Bug fixes and stability enhancements

Changes and additions

  • char_wordstem() now has a a new argument check_whitespace, which will not throw an error when lower-casing text containing a whitespace character.
  • dfm_remove() now has a new argument padding = FALSE that when TRUE, collects counts of the removed features in the first column. This produces results consistent with what is compiled as a dfm built from tokens where some have been removed with padding = TRUE (#2152).

Bug fixes and stability enhancements

Changes and additions

  • A new split_tags argument has been added to tokens(), to provide the user with an option not to preserve social media tags (addresses #2156).
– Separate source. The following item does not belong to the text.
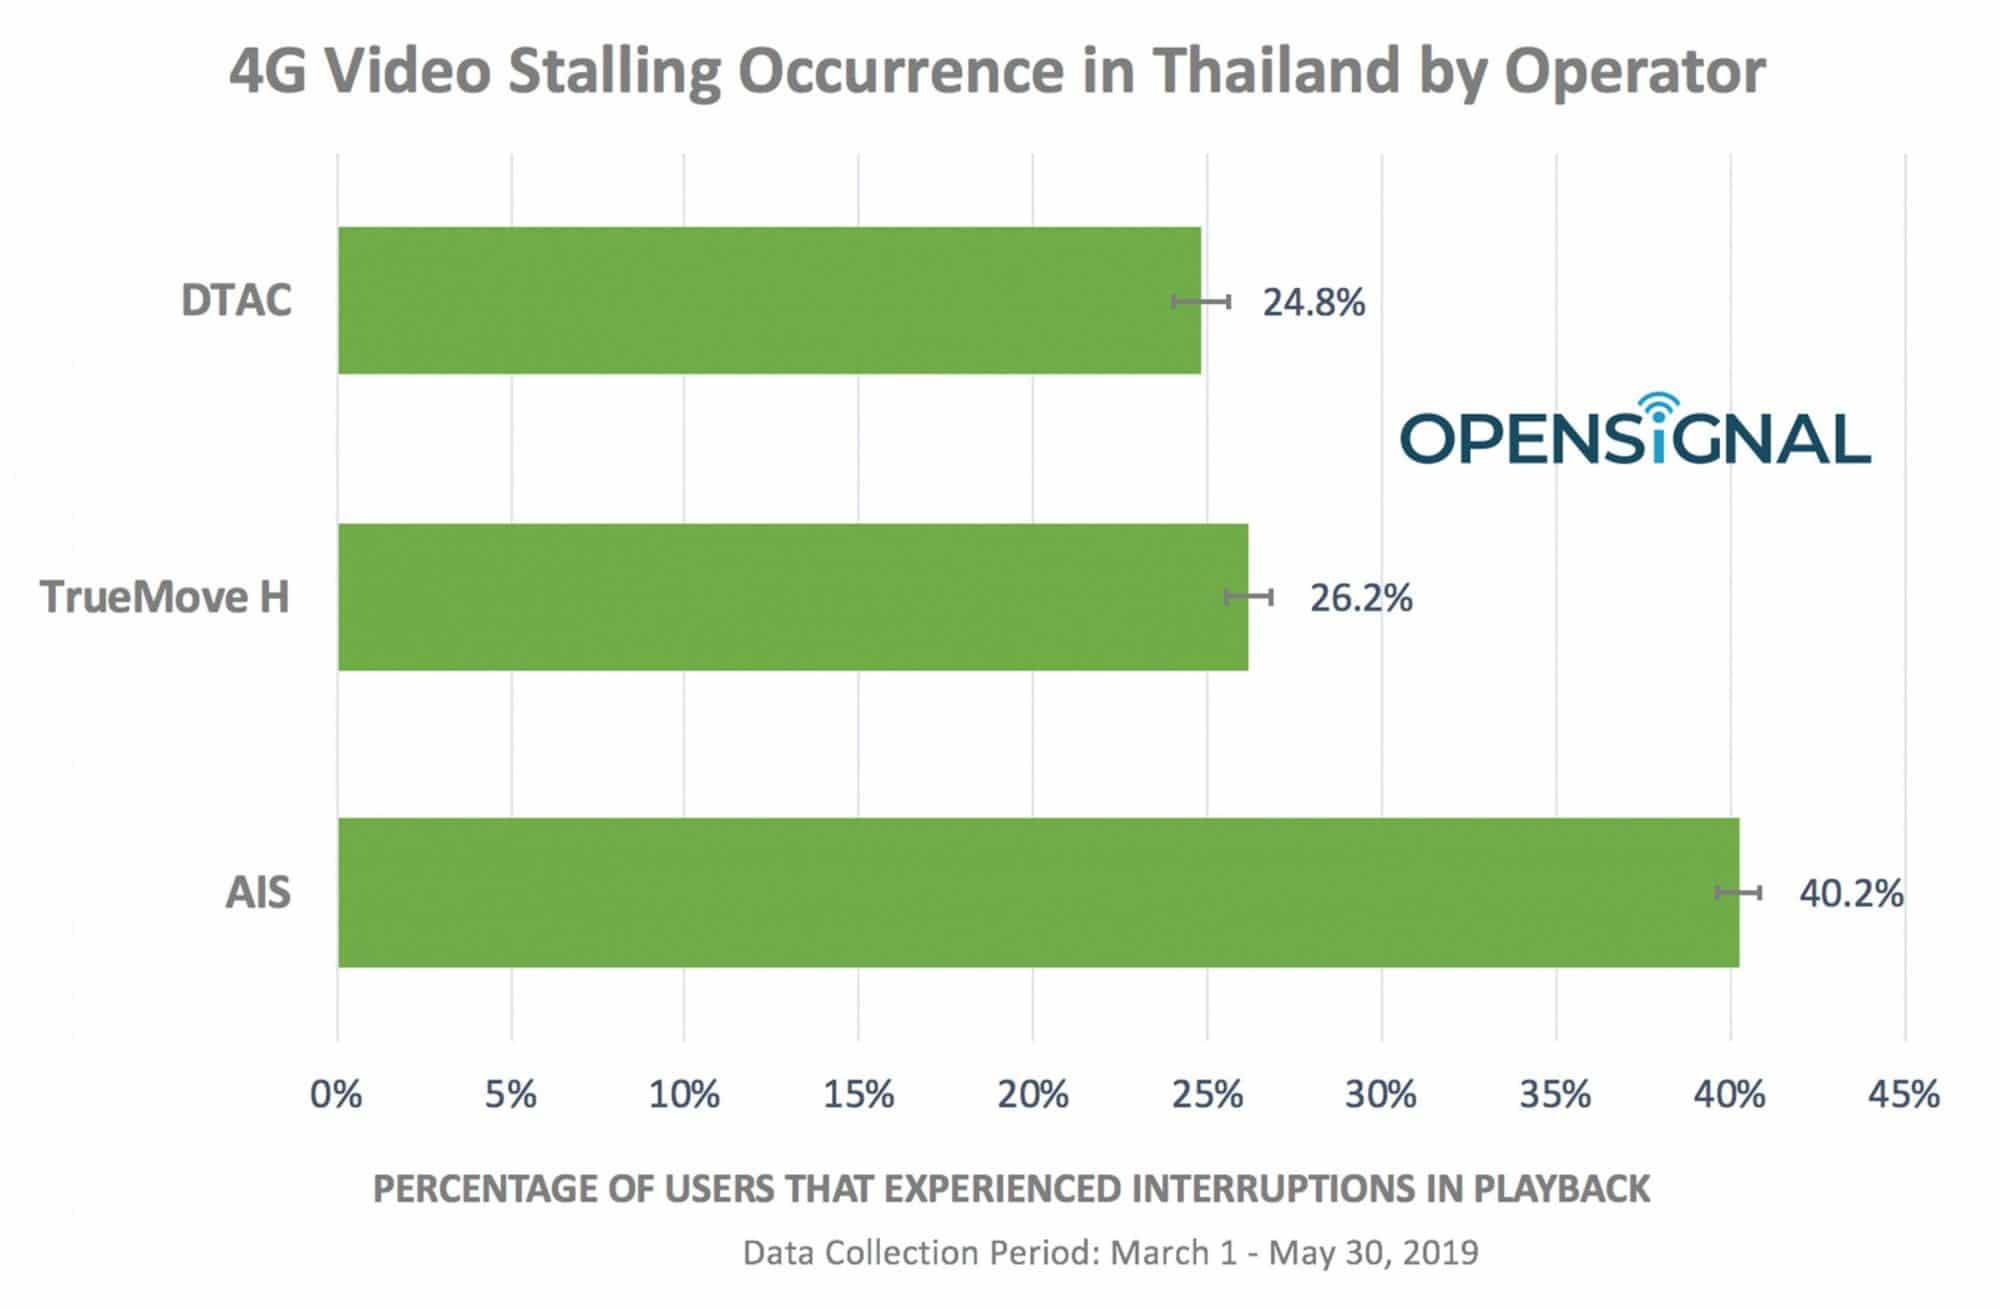 Opensignal เผยอินเทอร์เน็ตมือถือไทยมีปัญหาในการสตรีมวิดีโอ 3

Bug fixes and stability enhancements

  • fcm() computes the marginal frequency of upper-case tokens correctly (#2176).
  • tokens_chunk() keeps all the docid, including those of empty documents, in the original object.
  • tokens_select() recycles values when the length of startpos or endpos is less than ndoc(x).
  • tokens_lookup() and dfm_lookup() can apply very large dictionaries (more than 100,000 keys).

Bug fixes and stability enhancements

  • Matrix package calls updated for compatibility with Matrix 1.4.2. (#2182)
  • Changes to C++ code for fcm() to prevent some (chance) errors downstream in LSX. (#2181)

Bug fixes and stability enhancements

Fixes test failures caused by recent changes to Matrix package behaviours on some operating systems.

Changes and additions

  • segid() is added to extract document serial numbers from corpus, tokens or dfm objects.